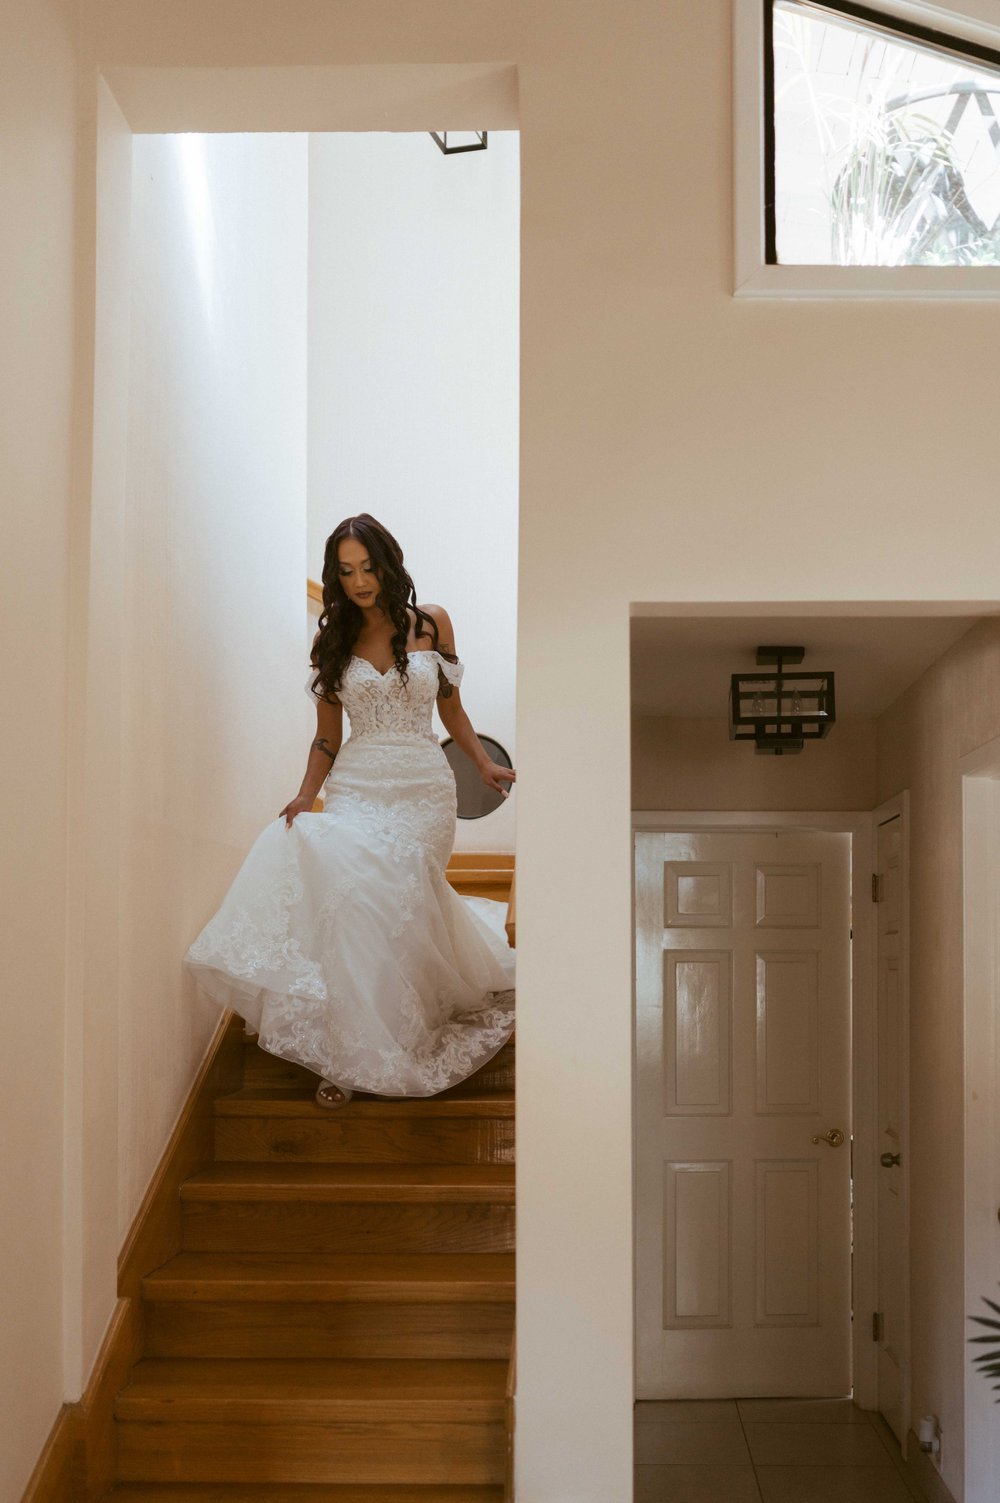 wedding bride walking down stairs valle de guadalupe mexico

•••

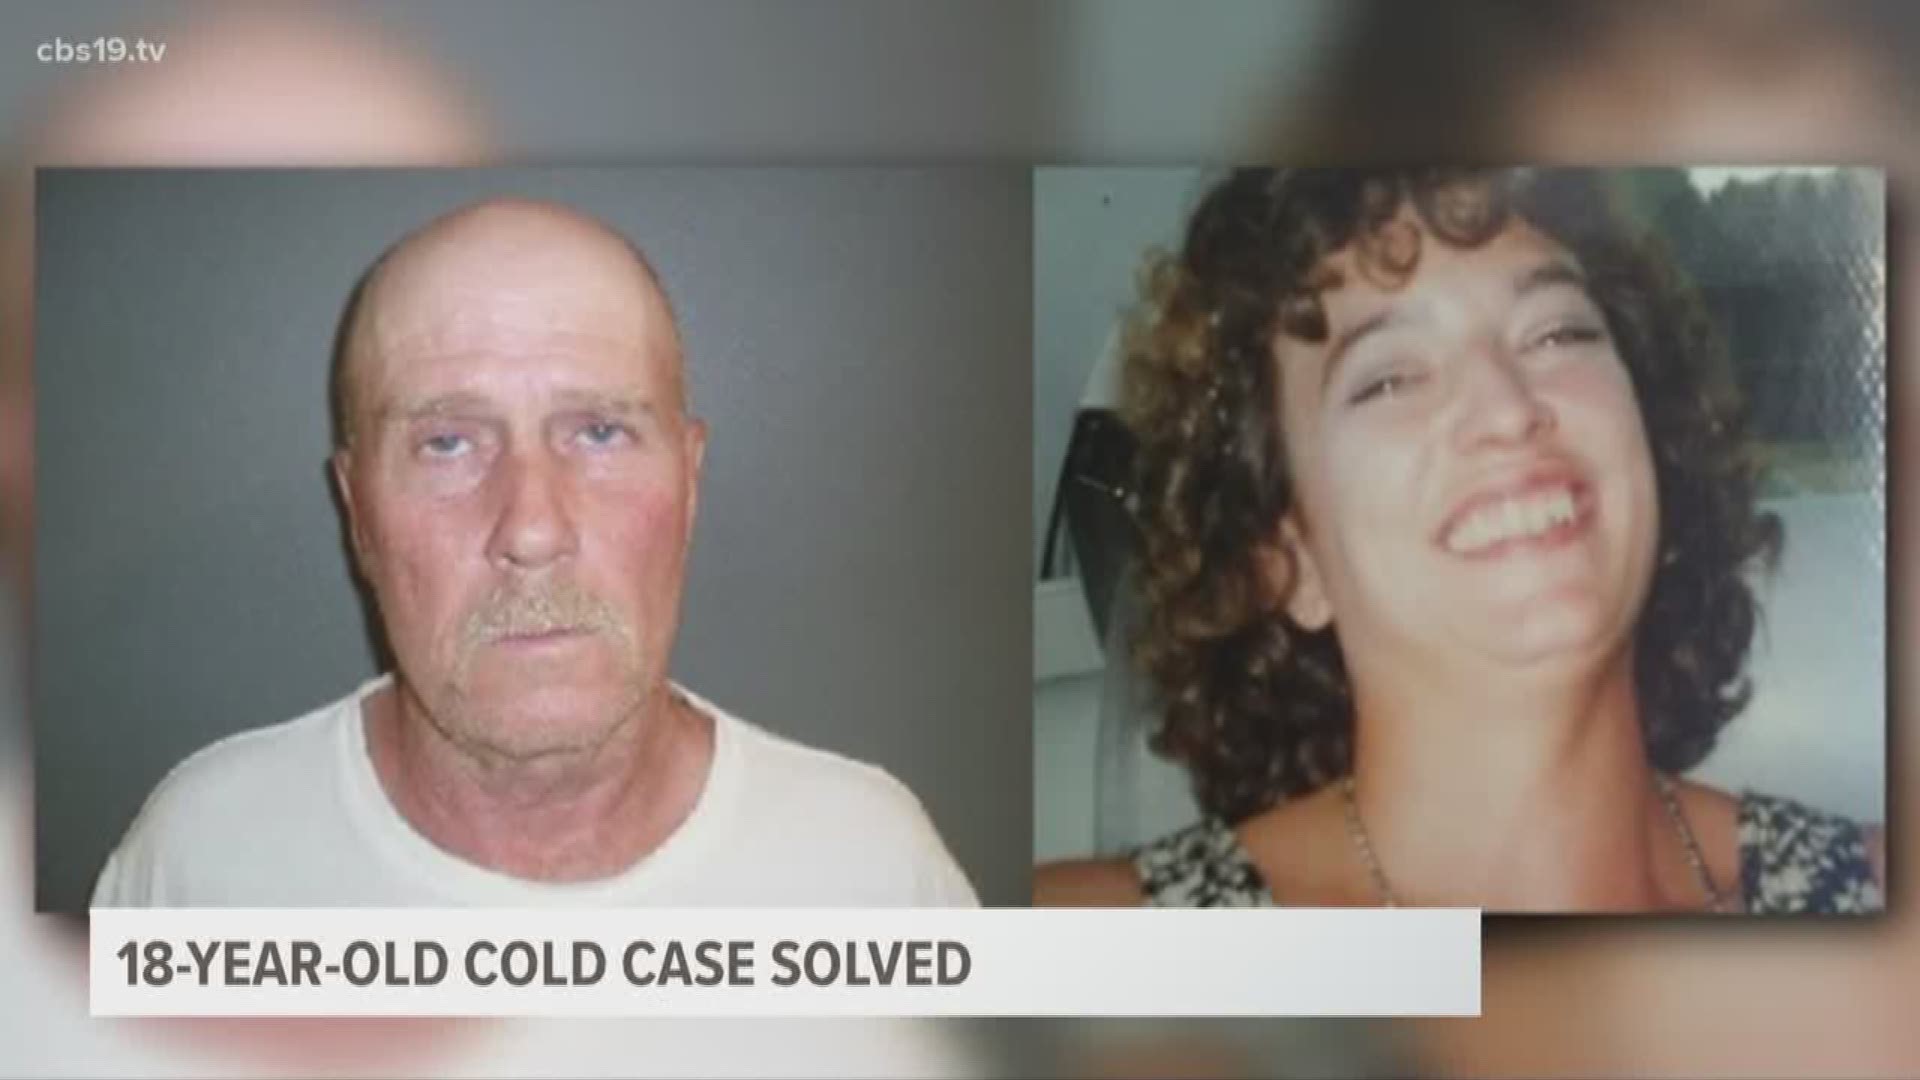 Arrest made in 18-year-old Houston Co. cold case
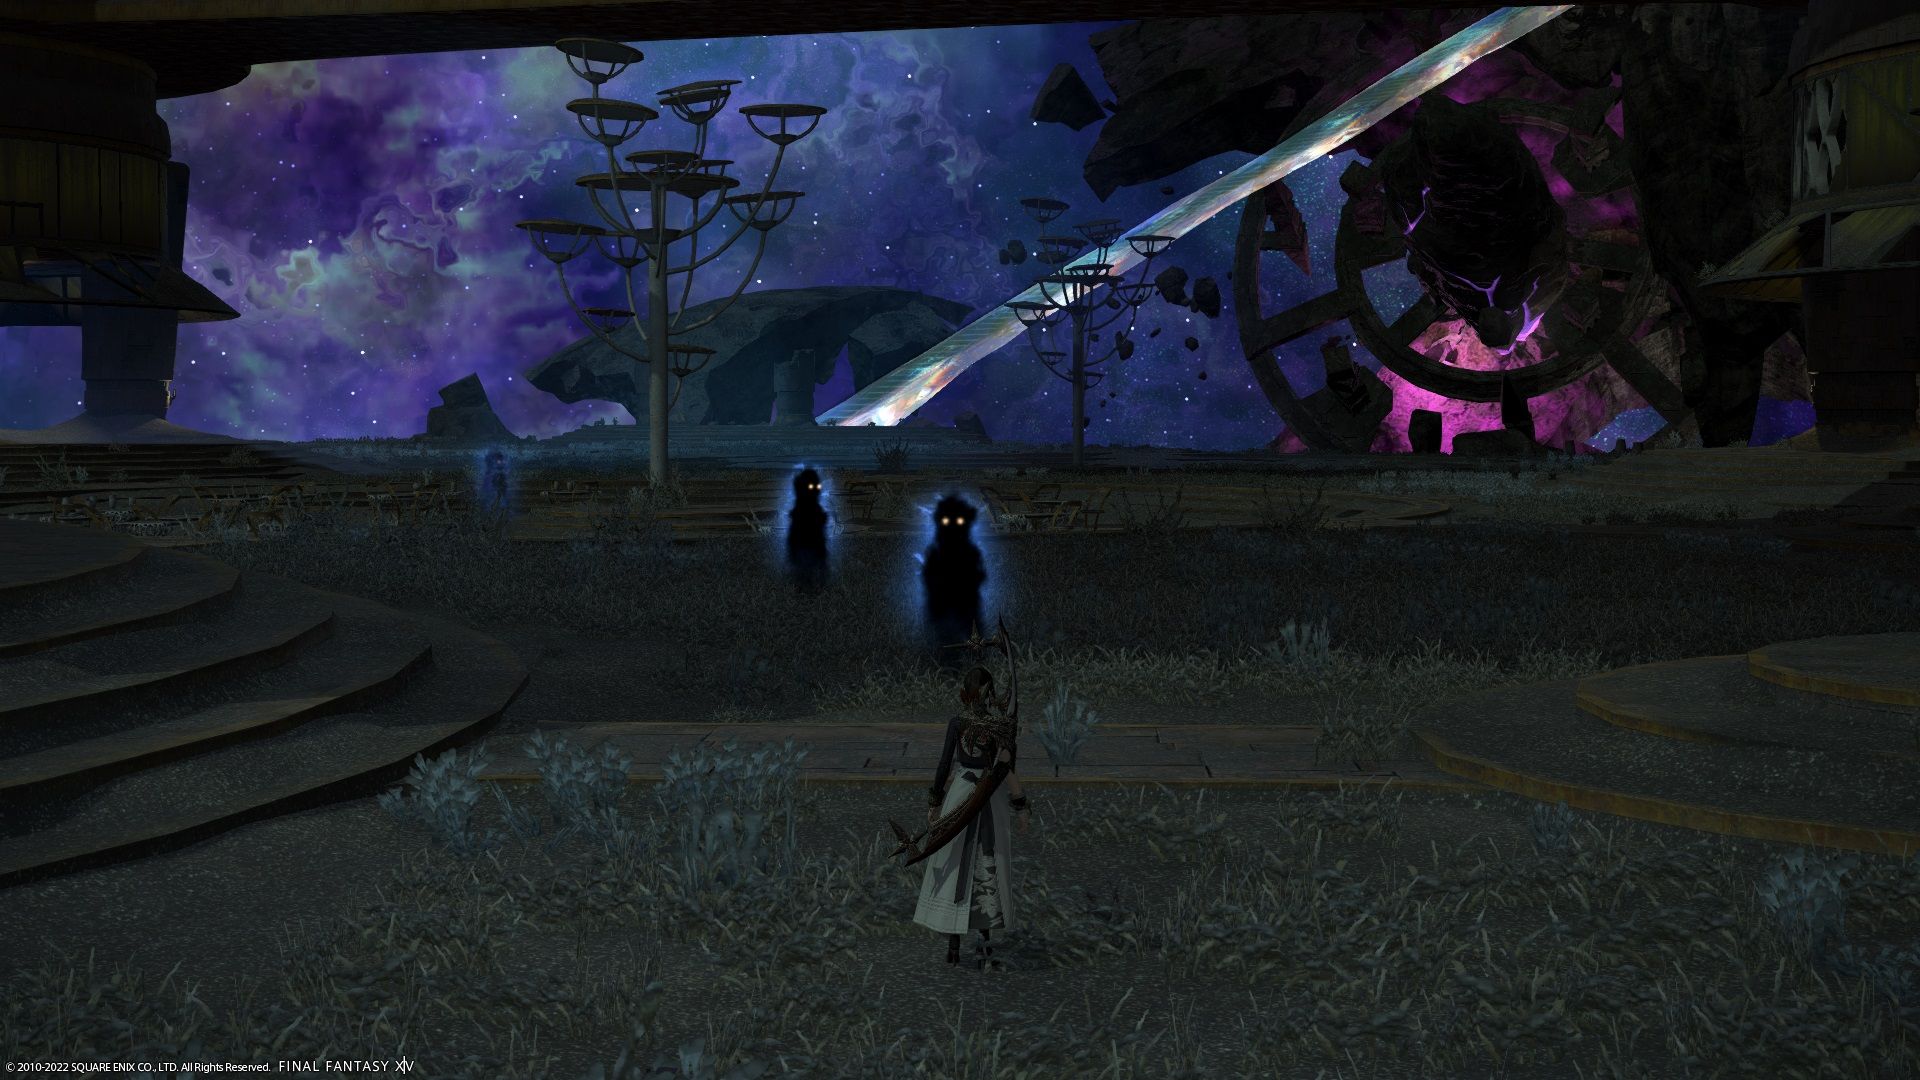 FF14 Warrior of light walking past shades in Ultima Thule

•••

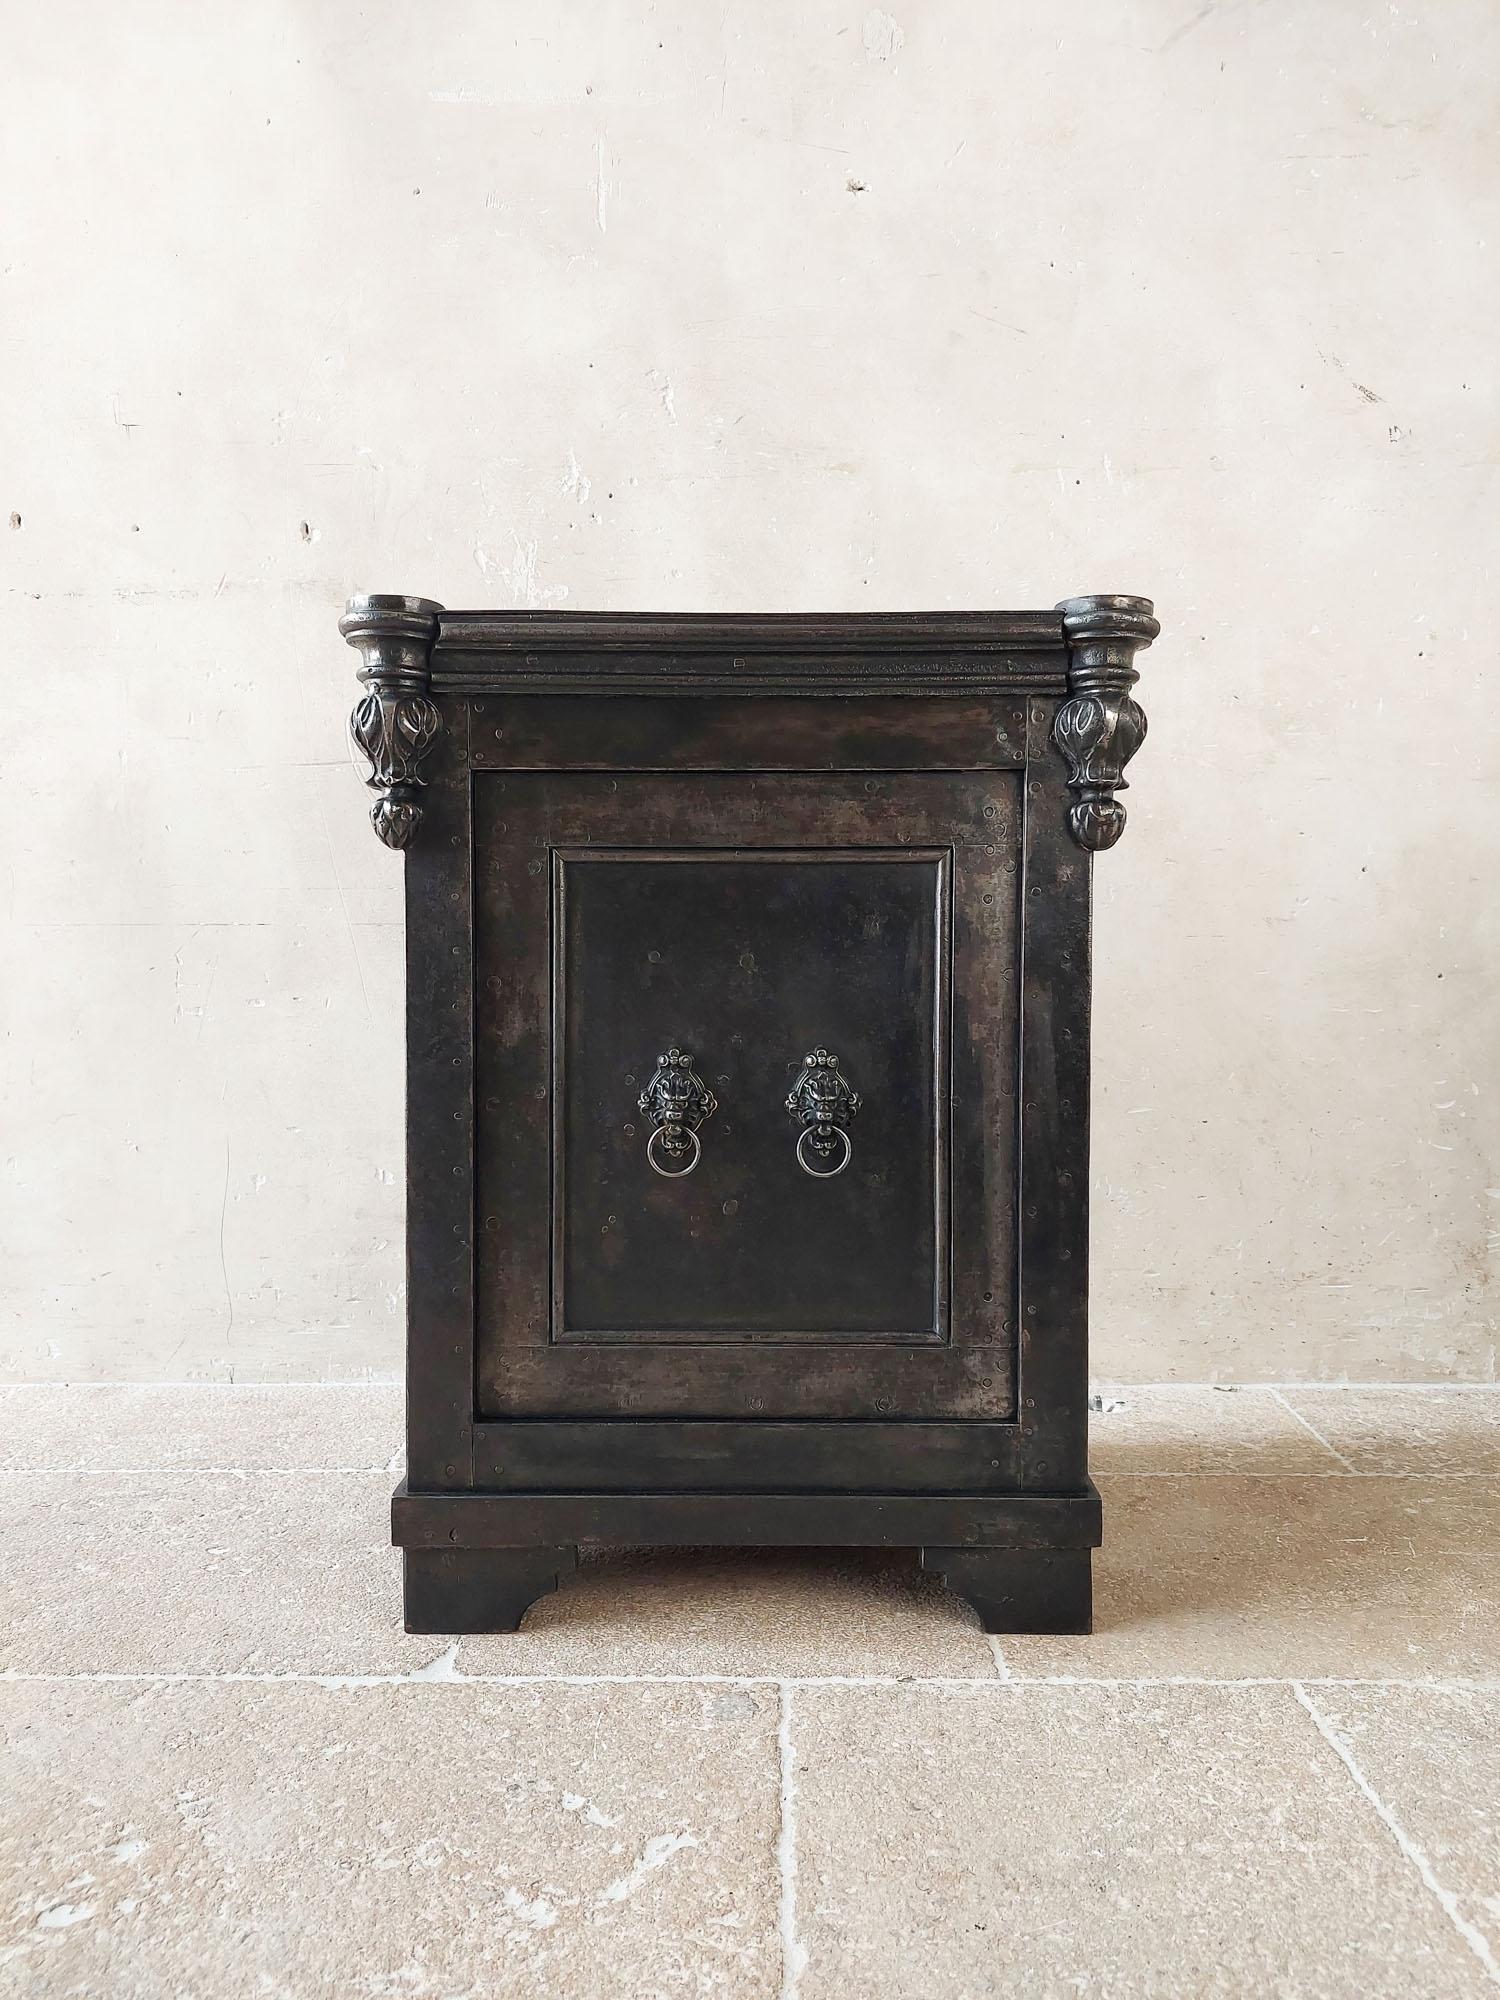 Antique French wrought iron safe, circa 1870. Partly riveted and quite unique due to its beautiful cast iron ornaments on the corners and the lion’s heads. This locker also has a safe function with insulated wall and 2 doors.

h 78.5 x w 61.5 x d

•••

EXERCISE INSTRUCTIONS:
Every line above from the one with "Antique French wrought" down to the one with "h 78.5 x w 61.5 x d" must be written out exactly, and no picture may appear.

ANSWER SECTION:
 Antique French wrought iron safe, circa 1870. Partly riveted and quite unique due to its beautiful cast iron ornaments on the corners and the lion’s heads. This locker also has a safe function with insulated wall and 2 doors.

h 78.5 x w 61.5 x d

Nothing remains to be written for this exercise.